Just how similar passages showed up in two books is a tale of how the largely obscure $4 billion a year world of elementary and high school textbook publishing often works, for these passages were not written by the named authors but by one or more uncredited writers. And while it is rare that the same language is used in different books, it is common for noted scholars to give their names to elementary and high school texts, lending prestige and marketing power, while lesser known writers have a hand in the books and their frequent revisions.
As editions pass, the names on the spine of a book may have only a distant or dated relation to the words between the covers, diluted with each successive edition, people in the industry, and even authors, say.
According to the publisher, the rush to update books with contemporary material after 9/11 was part of the cause.
Wendy Spiegel, a spokeswoman for Pearson Prentice Hall, which published both books and is one of the nation’s largest textbook publishers, called the similarities “absolutely an aberration.”
She said that after Sept. 11, 2001, her company, like other publishers, hastily pulled textbooks that had already been revised and were lined up for printing so that the terror attacks could be accounted for.

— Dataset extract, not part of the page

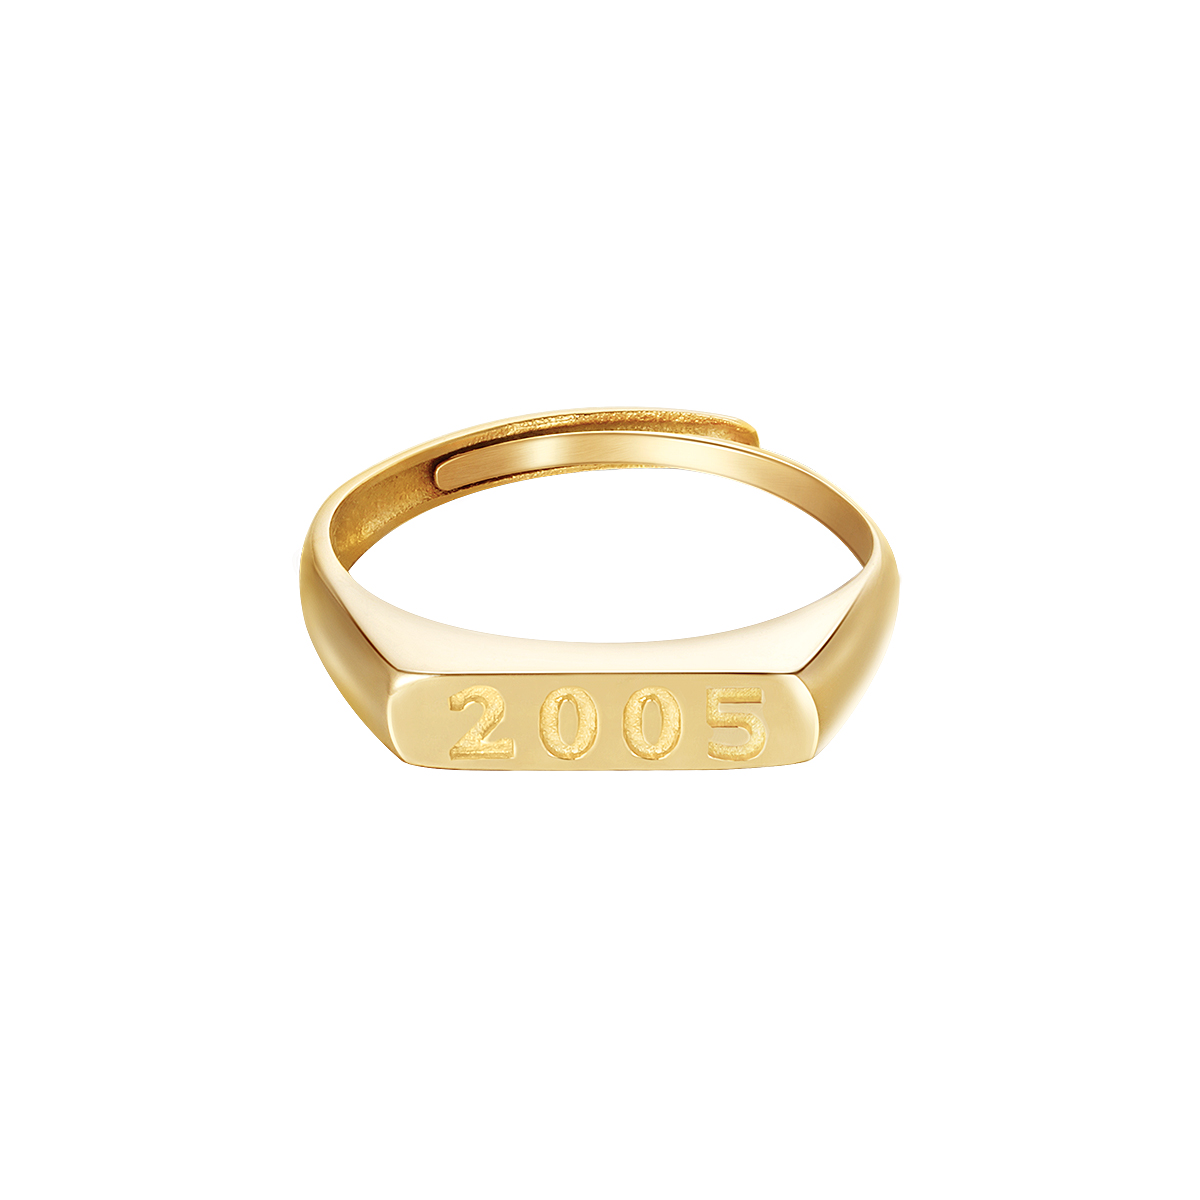 Ring Year Of Birth Gold - 1997

The material on the attacks, as well as on the other subjects, was added by in-house editors or outside writers, she said.
She added that it was “unfortunate” that the books had identical passages, but said that there were only “eight or nine” in volumes that each ran about 1,000 pages.

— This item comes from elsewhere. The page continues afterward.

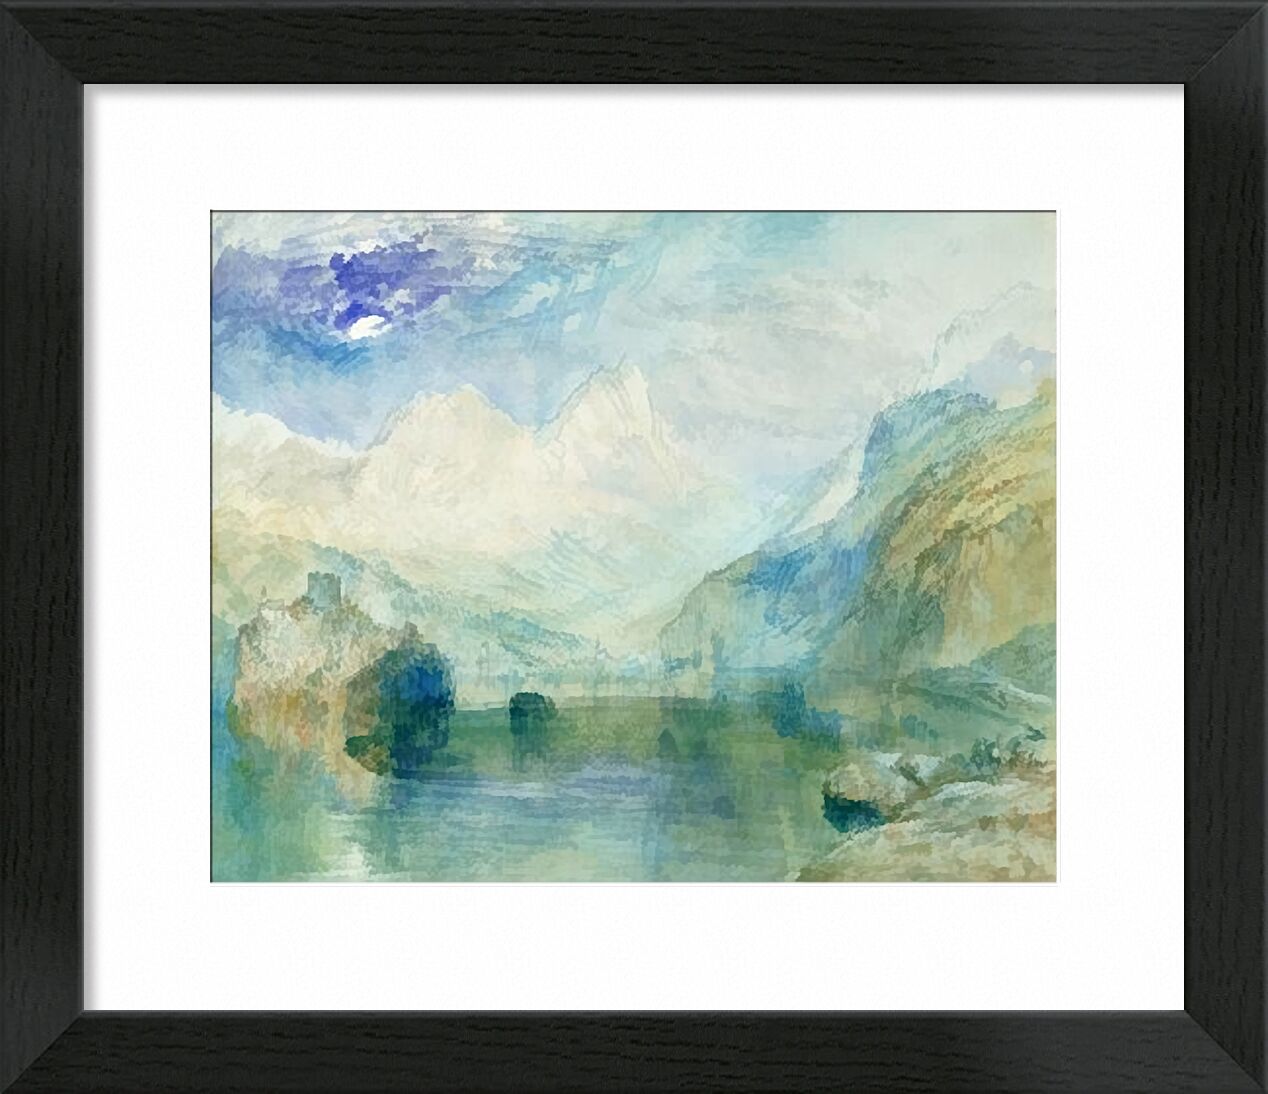 The Lowerzer See - TURNER desde Bellas artes, Prodi Art, TORNERO, lago, montañas, pintura

Others quoted inthe story suggest there is a deeper problem with the practice of putting the names of prominent academics on textbooks that they may not have written. According to Gilbert Sewall of the American Textbook Council:
“The publishers have a brand name and that name sells textbooks. . . . That’s why you have well-established authorities who put their names on the spine, but really have nothing to do with the actual writing process, which is all done in-house or by hired writers.”
So instances like the above may simply be the perils of textbook publishing (at least in some fields).
William Cronon, a historian at the University of Wisconsin who wrote the American Historical Association’s statement on ethics, said textbooks were usually corporate-driven collaborative efforts, in which the publisher had extensive rights to hire additional writers, researchers and editors and to make major revisions without the authors’ final approval. The books typically synthesize hundreds of works without using footnotes to credit sources.
“This is really about an awkward and embarrassing situation these authors have been put in because they’ve got involved in textbook publishing,” Professor Cronon said.